Сказала — и прикусила язык, устыдившись собственной глупости и непристойной двусмысленности. Оставалось
Граф неопределенно хмыкнул. И, обойдя меня, замер за спиной. Руки, сильные и горячие, обхватили голову, пальцы чуть сжали виски.
— Все, — раздался над ухом уверенный голос. — Теперь я почувствую правду и ложь в ваших словах. Начинайте, как будете готовы.
Я медленно вздохнула, очищая разум от предательских мыслей о близости лорда Хенсли. Закрыла глаза, воскрешая в голове воспоминание в мельчайших деталях. Плескалась вода, садилось за горизонт кроваво-красное солнце, трепыхался зацепившийся за скалу грязно-белый парус.
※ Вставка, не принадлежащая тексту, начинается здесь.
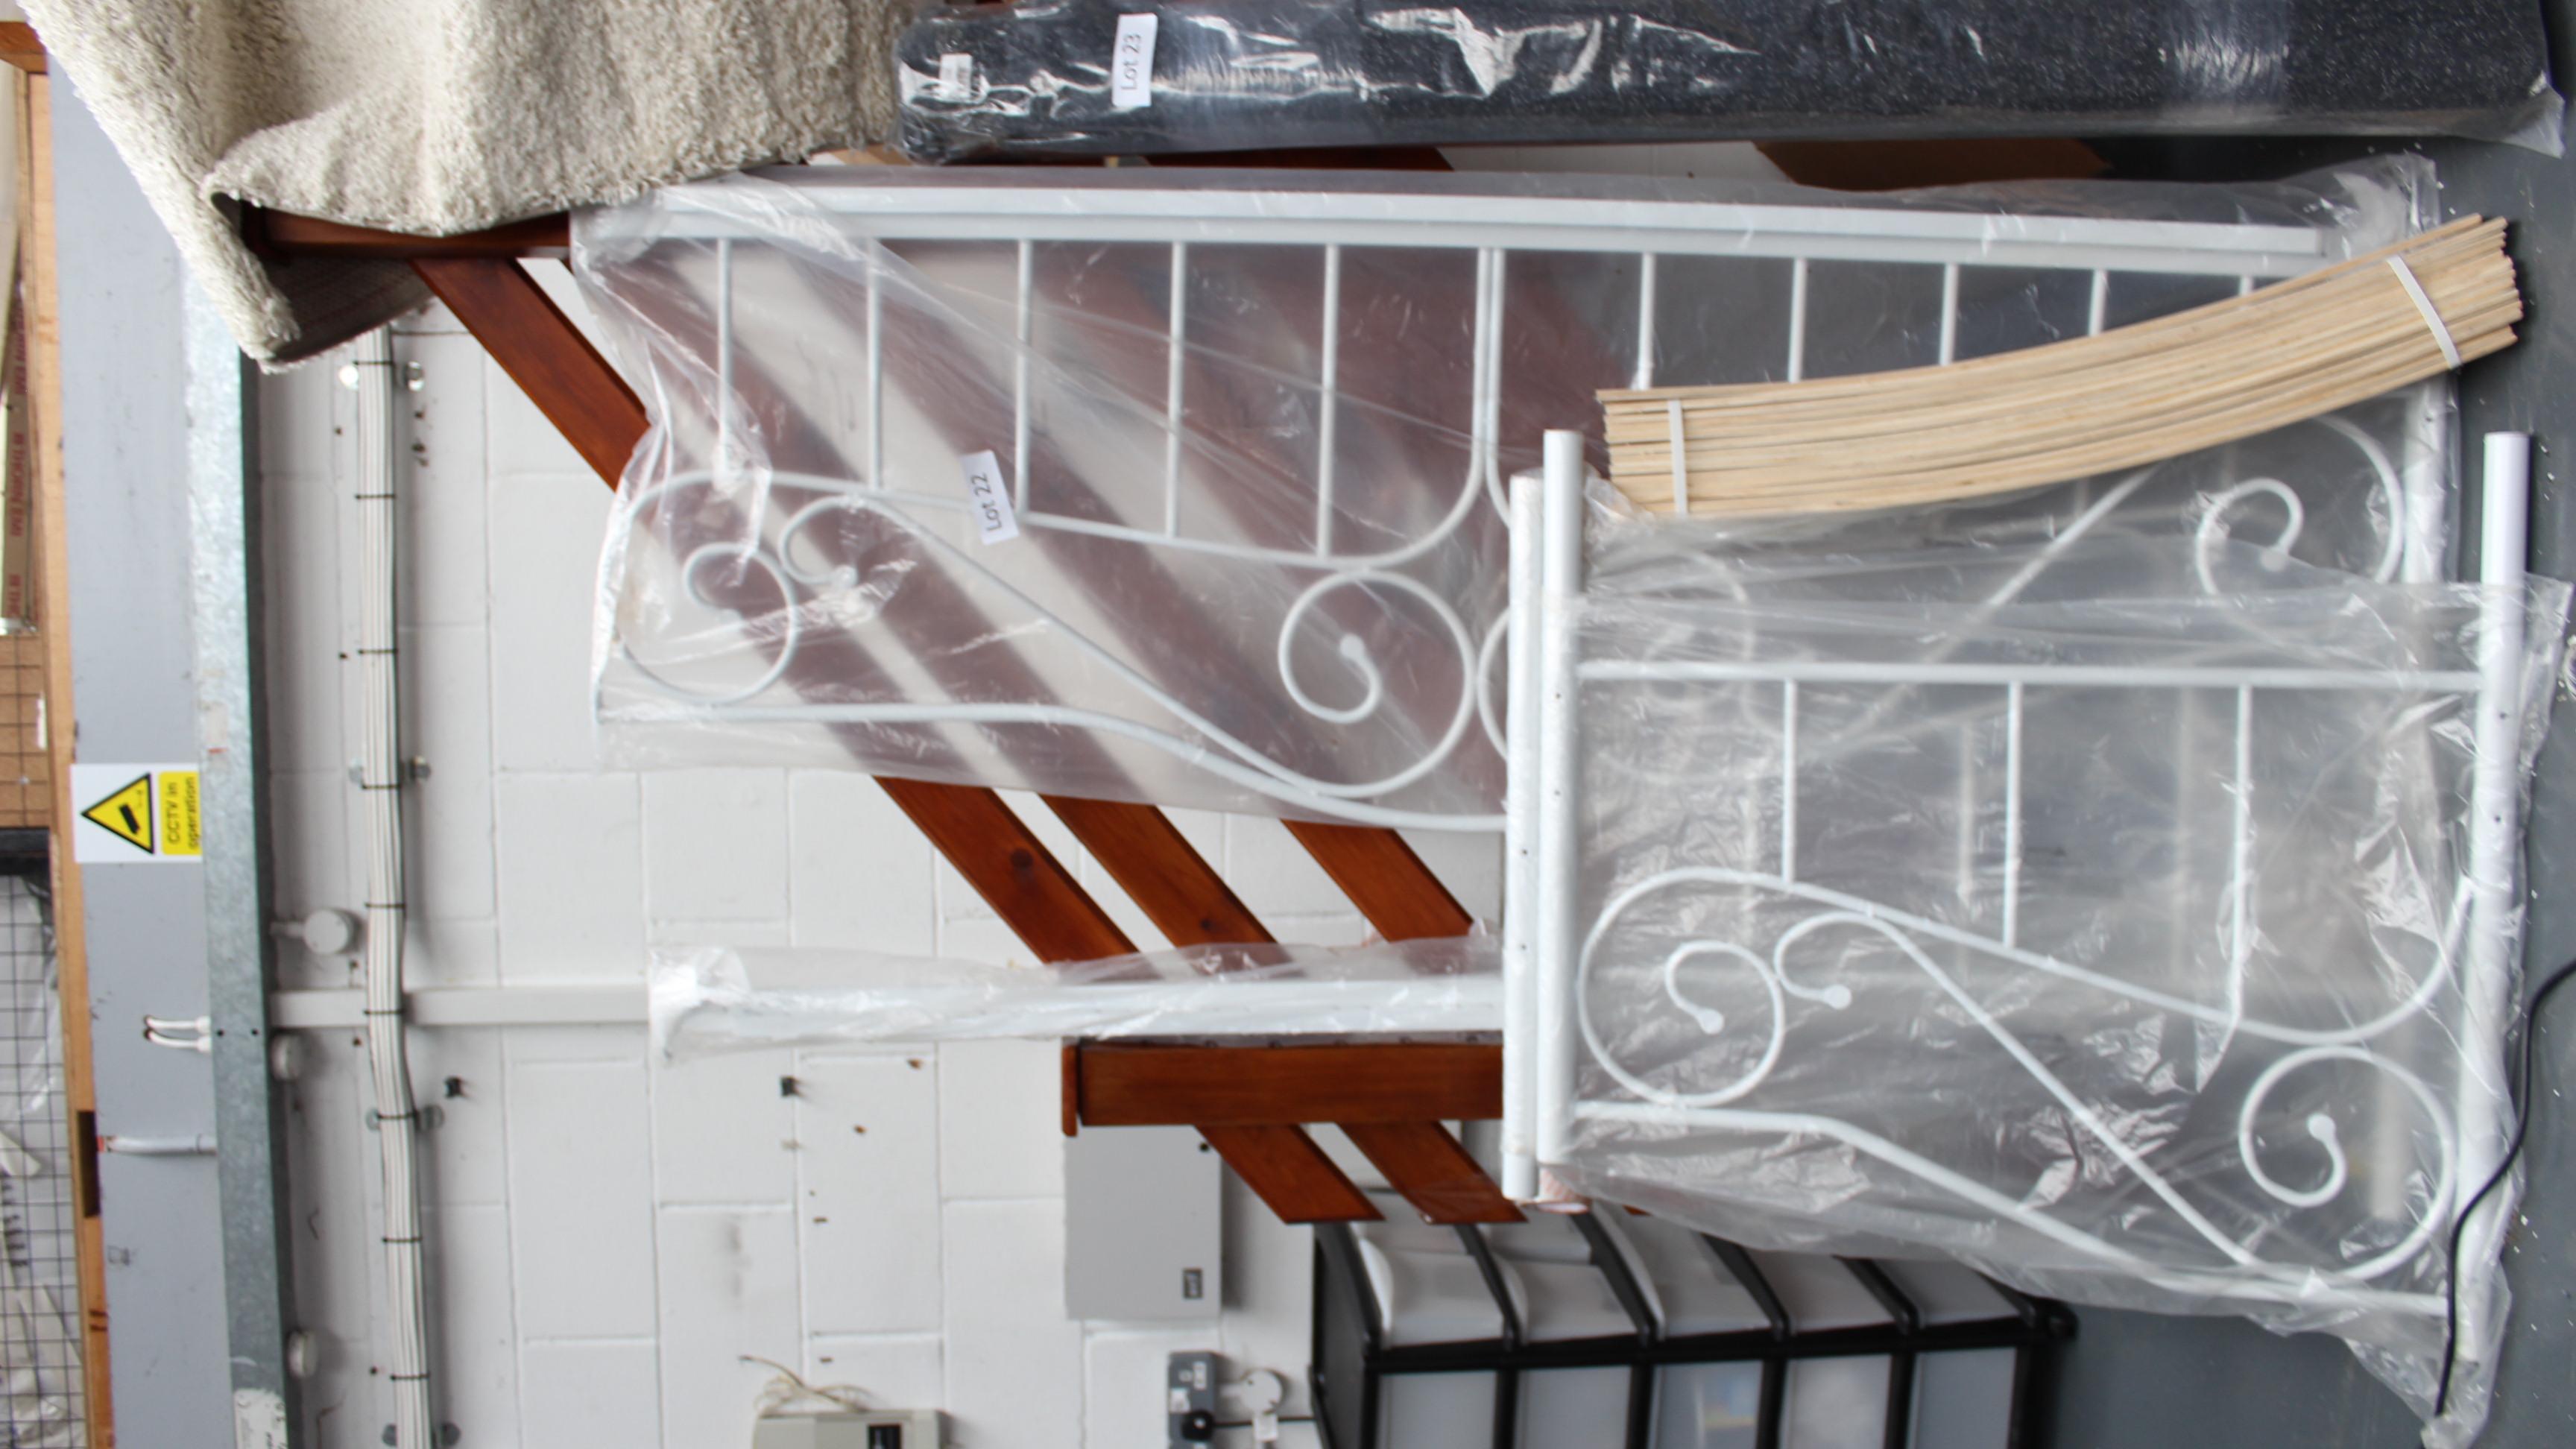 Lot 22 - White Day Bed Frame. Customer Returns

«Белая морская пена. Белые кружева на дорогом платье, не тронутые песком и морем. Белая кожа, будто навсегда застывшая под тонкой коркой льда. Белый, мертвый камень силы с трещиной посередине».
Мэрион.
Образ сестры, четкий, как наяву, возник перед внутренним взором — и словно отзываясь на внутренний призыв, языки пламени потянулись ко мне, складываясь в призрачную фигуру, лежавшую среди огня, точно на погребальном костре.
На мгновение паника кольнула сердце. Как я смогла сотворить такое? Не выдал ли огонь моей истинной магии? Мучительно захотелось повернуться, увидеть реакцию лорда Хенсли — но сильные пальцы на висках оставались недвижимы. Быть может, так проявляла себя магия разума — создавая видимую иллюзию из чужих мыслей. Иначе… как объяснить каменное спокойствие главы императорской службы безопасности, изучающего из-за моего плеча огненное видение.
Не важно. Сейчас не важно. Нужно было двигаться дальше.
Я вытянула руку — как тогда — чтобы коснуться иллюзорной бледной шеи. Сноп искр, сорвавшихся с горящих щепок, взметнулся вверх, имитируя появление водного духа. Угольки-глаза распахнулись.
Мы заговорили одновременно — Мэрион и я.
— Эверли. Представляешь, я думала, самое сложное — это попасть ко двору. Как же мало я знала…
Лорд Хенсли слушал молча. Я не могла видеть его лица и остро жалела об этом — хотелось знать, как он реагировал на мои слова, что думал. Лишь один раз мне показалось, что ладони будто бы чуть сильнее прижались к моим вискам — когда Мэрион сказала о том, что Айона больше не безопасна для наследников императорской крови.
— Уезжай, Эв. Продай украшения матери и садись на первый же корабль до Варравии. Здесь тебе больше не за что держаться и не о чем жалеть. Прости, что не уберегла тебя от этой горькой правды. Прости и прощай. Твоя Мэр.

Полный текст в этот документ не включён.